Eventos alternativos podem facilitar o envio de uma mensagem radical. Mas podem significar a perda de uma oportunidade de alcançar milhares de pessoas, muitas vezes participando de seu primeiro Orgulho, cuja política ainda não está "fixada na pedra".
Isso nem sempre é uma escolha "ou/ou". Quando o Orgulho Mundial foi realizado em Jerusalém em 2006, sob objeções palestinas, um boicote global era a única resposta lógica e possível. Mas mesmo um evento cor de rosa como o Orgulho em Tel Aviv em 2001 permitiu que um grupo queer marchasse com uma faixa preta declarando 'Não Há Orgulho na Ocupação' - embora eventos queer separados apoiem a luta palestina também sejam frequentemente organizados.

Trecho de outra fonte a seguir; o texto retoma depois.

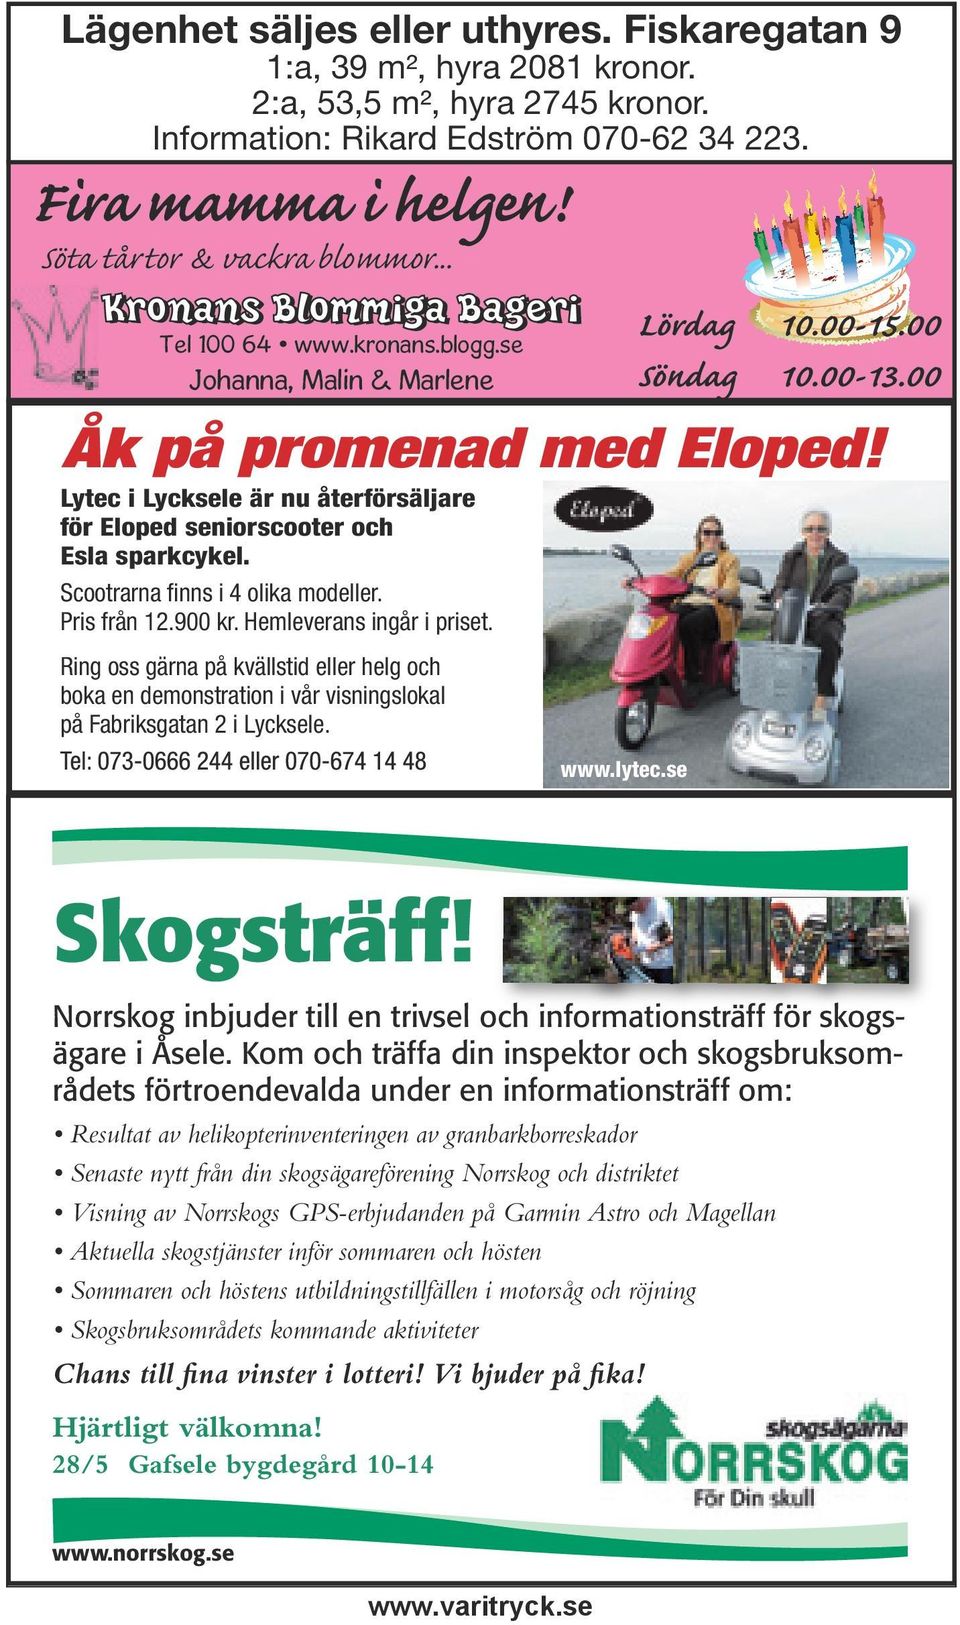 Lytec i Lycksele är nu återförsäljare för Eloped seniorscooter och Esla sparkcykel. Scootrarna fi nns i 4 olika modeller. Pris från 12.900 kr. Hemleverans ingår i priset.
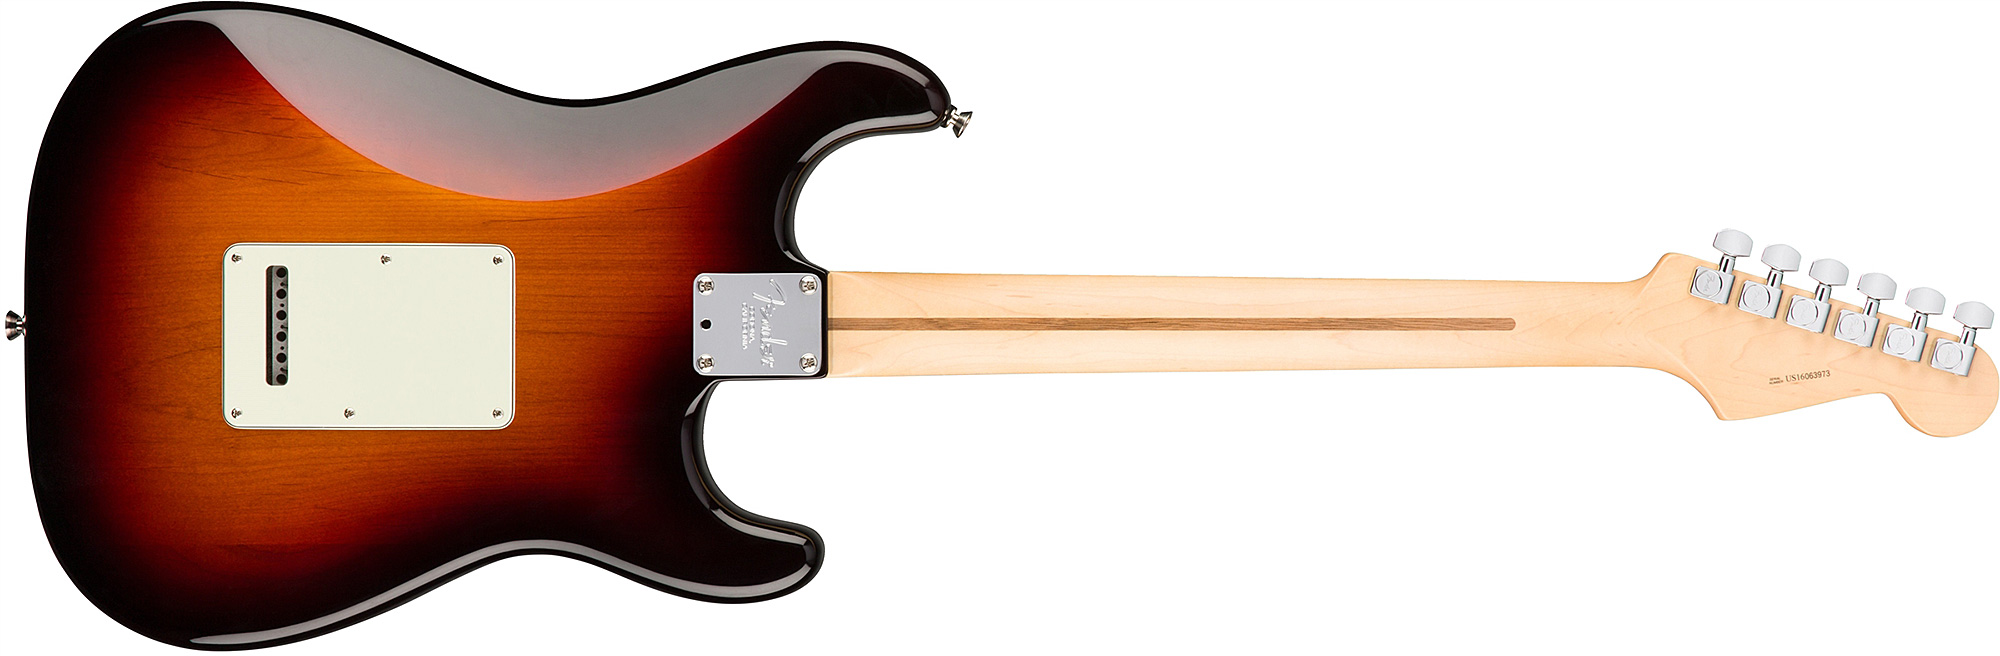 Fender Strat American Professional Lh Usa Gaucher 3s Mn - 3-color Sunburst - Linkshandige elektrische gitaar - Variation 1

Recentemente, em Nova York, marchas de Libertação Queer destacaram muitas questões nas linhas oficiais do Orgulho. Por exemplo, muitos queers despejaram energia este ano no contingente de solidariedade à Palestina na Marcha Queer de Libertação. Mesmo assim, o grande Orgulho oficial deste ano foi dilacerado pelo conflito, quando um conselho composto em grande parte por pessoas negras e latinas decidiu excluir os policiais uniformizados. Portanto, os esquerdistas queer de Nova York podem desempenhar mais de um papel.
Em Amsterdã, uma organização Canal Pride controlada pela Gay Business Association apenas deixou espaço para protestos militantes à beira do canal, pelo grupo radical Reclaim Our Pride. No entanto, a semana de atividades do Orgulho em Amsterdã também ofereceu espaço para uma presença de esquerda em outros dias, por exemplo, na caminhada anual do Orgulho.
Resumindo, não existe uma fórmula para manter viva a rebelião homossexual no Orgulho. Mas as oportunidades existem. Cabe aos queers radicais agirem de forma inteligente, criativa - e com alegria! - para serem vitoriosos.